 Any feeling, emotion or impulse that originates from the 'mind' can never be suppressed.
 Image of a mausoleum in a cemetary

==

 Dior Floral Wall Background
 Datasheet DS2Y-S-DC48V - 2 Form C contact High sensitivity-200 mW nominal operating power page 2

__What you are asked to do__:
Starting at the line above that contains "Any feeling, emotion", write out each line exactly until the line that contains "Image of a mausoleum in a cemetary" has been written, and stop there.

__Response to the exercise__:
 Any feeling, emotion or impulse that originates from the 'mind' can never be suppressed.
 Image of a mausoleum in a cemetary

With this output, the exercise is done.